Entworfen hat sie der berühmte Architekt und Bauhaus-Begründer Walter Gropius mit dem Ziel, die „mannigfaltigen Elemente des herkömmlichen Stadtlebens“ miteinander zu verbinden. Wie nackt sollten Walter Gropius' Bauwerke dastehen und aus ihrem Inneren heraus strahlen: modern, geometrisch, hell. Mit diesem ästhetischen Architekturverständnis gründete Gropius 1919 das Bauhaus, welches heute als wirkungsvollster Exportartikel von Kultur aus Deutschland im 20. Jahrhundert gilt.
Durch den Bau der Mauer wurde der Raum für neue Häuser in Westberlin knapp.

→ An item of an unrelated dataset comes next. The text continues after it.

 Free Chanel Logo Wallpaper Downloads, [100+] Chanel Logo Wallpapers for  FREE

Die Folge: Mehr und weitaus höhere Gebäude waren in Gropiusstadt nötig, so dass die Siedlung bei ihrer Fertigstellung über 19.000 Wohnungen fasste. 90 Prozent der neu geschaffenen Wohnräume wurden als Sozialbauwohnungen vermietet.

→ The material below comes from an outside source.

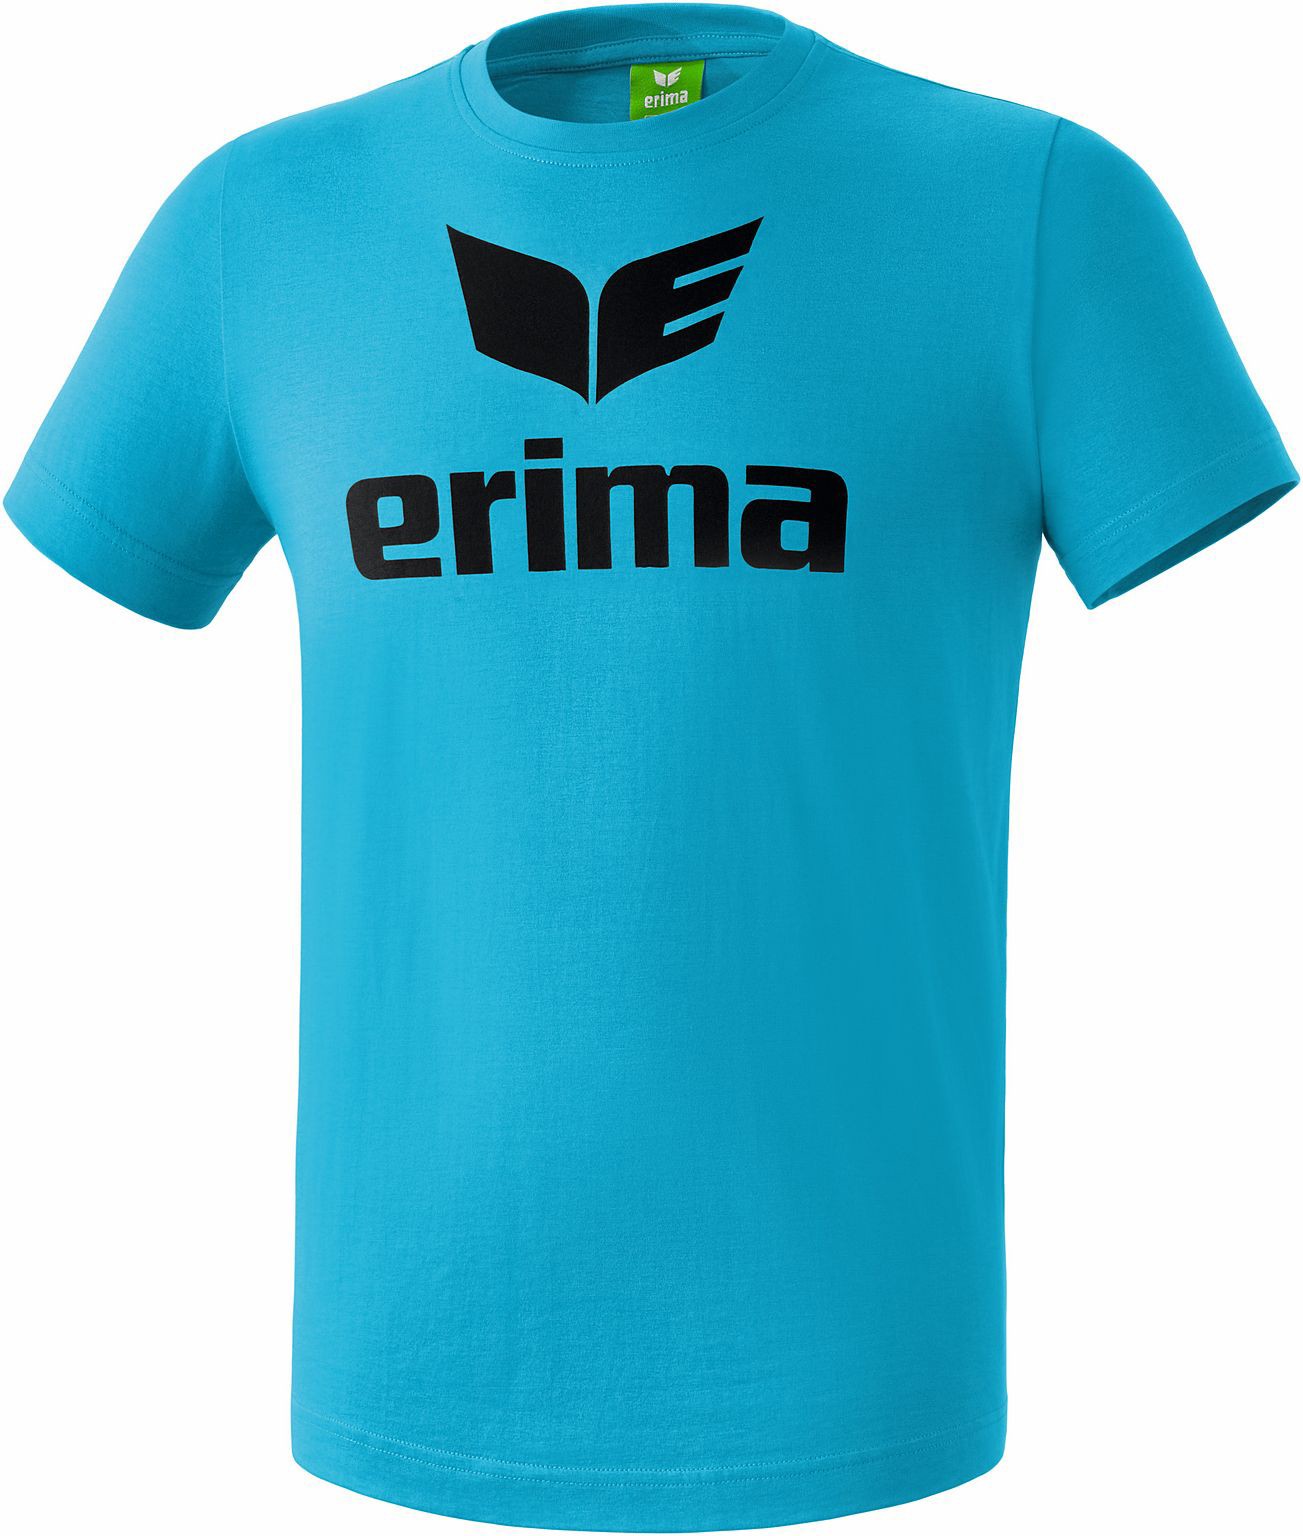 Erima Promo T-Shirt

Ich bin 1980er Jahren auf der anderen Seite der Mauer in Ostberlin aufgewachsen. Keine 500 Meter Luftlinie und dennoch unerreichbar von der Gropiusstadt entfernt. Bei unseren ersten Ausflügen in den „goldenen Westen“ wurden wir Kinder vor dem Ort, der synonym für Drogen und Gewalt stand, gewarnt. Gegen diesen schlechten Ruf kämpft die Gropiusstadt noch immer.
Meine Arbeit ist der Versuch einer Annäherung an den Mythos Gropiusstadt, ein Porträt entlang der fotografischen Grenze zwischen dokumentarischem Realismus und subjektiver Poesie.

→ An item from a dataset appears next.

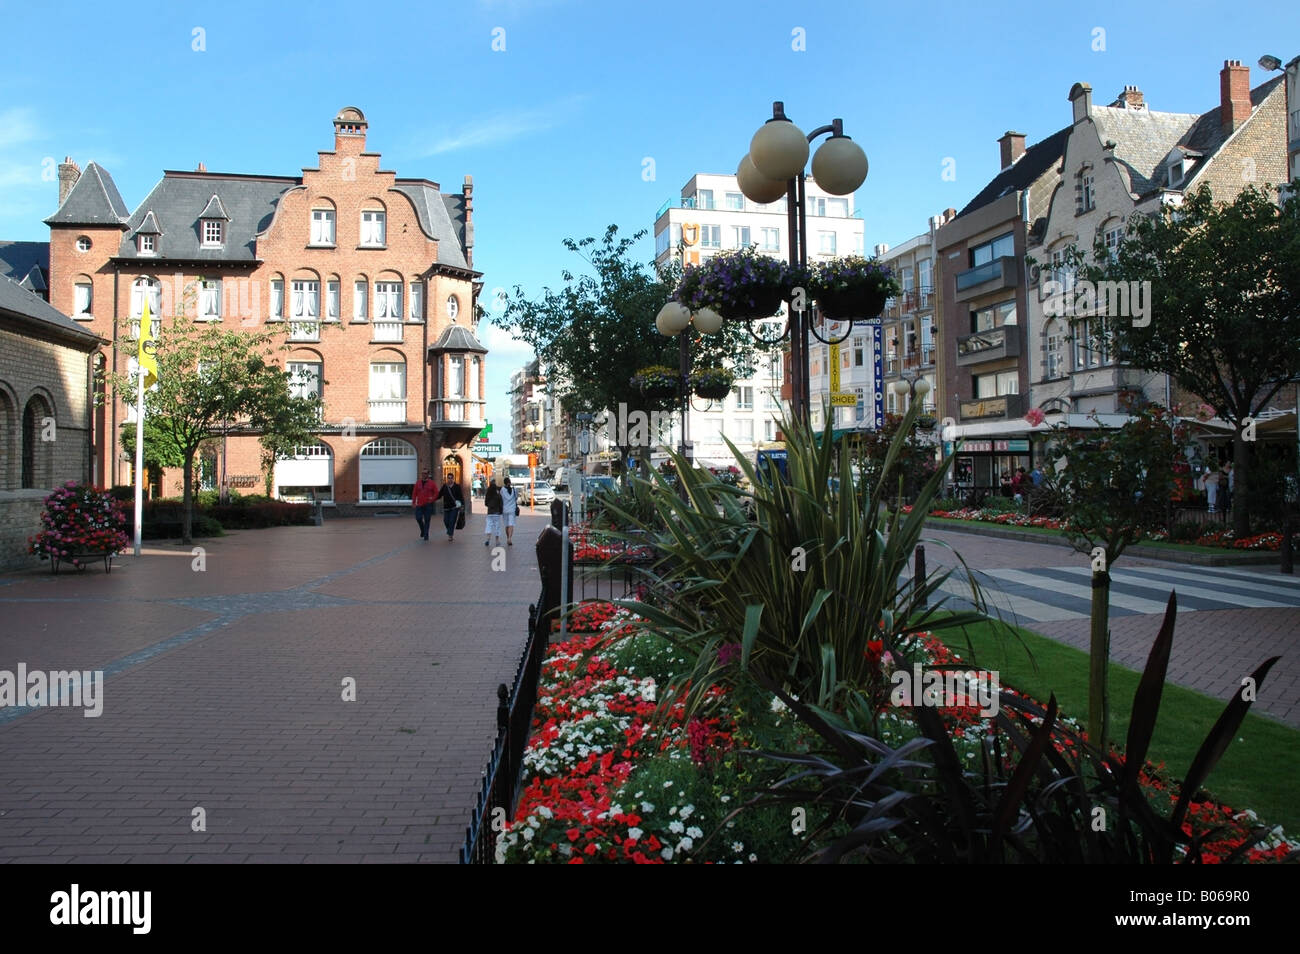 town centre of De Panne Belgium Europe Stock Photo - Alamy

Wie sieht sie aus die Wirklichkeit jenseits des Versprechens von mehr „Licht, Luft und Sonne“? Worin wird es sichtbar, das ambivalente Lebensgefühl dieser einst stolz in Beton gegossenen und nunmehr gescheitert geglaubten architektonischen Utopie am Rande der Stadt.
Seit dem 50. Geburtstag der Gropiusstadt im Jahr 2012 porträtiere ich ihre Bewohner. Um ihnen im kurzen Moment des zufälligen Augenblicks etwas näher zu kommen. Ich hoffe, dass sich in den Bildern, die ich mir von den Menschen und dem Ort mache, etwas offenbart. Ein Schimmer all der Widersprüchlichkeiten zwischen Licht, Luft und Beton. In der Trabantenstadt am Rande Berlins, wo die Hoffnungen vom modernen Leben an die Rieselfelder Brandenburgs grenzen.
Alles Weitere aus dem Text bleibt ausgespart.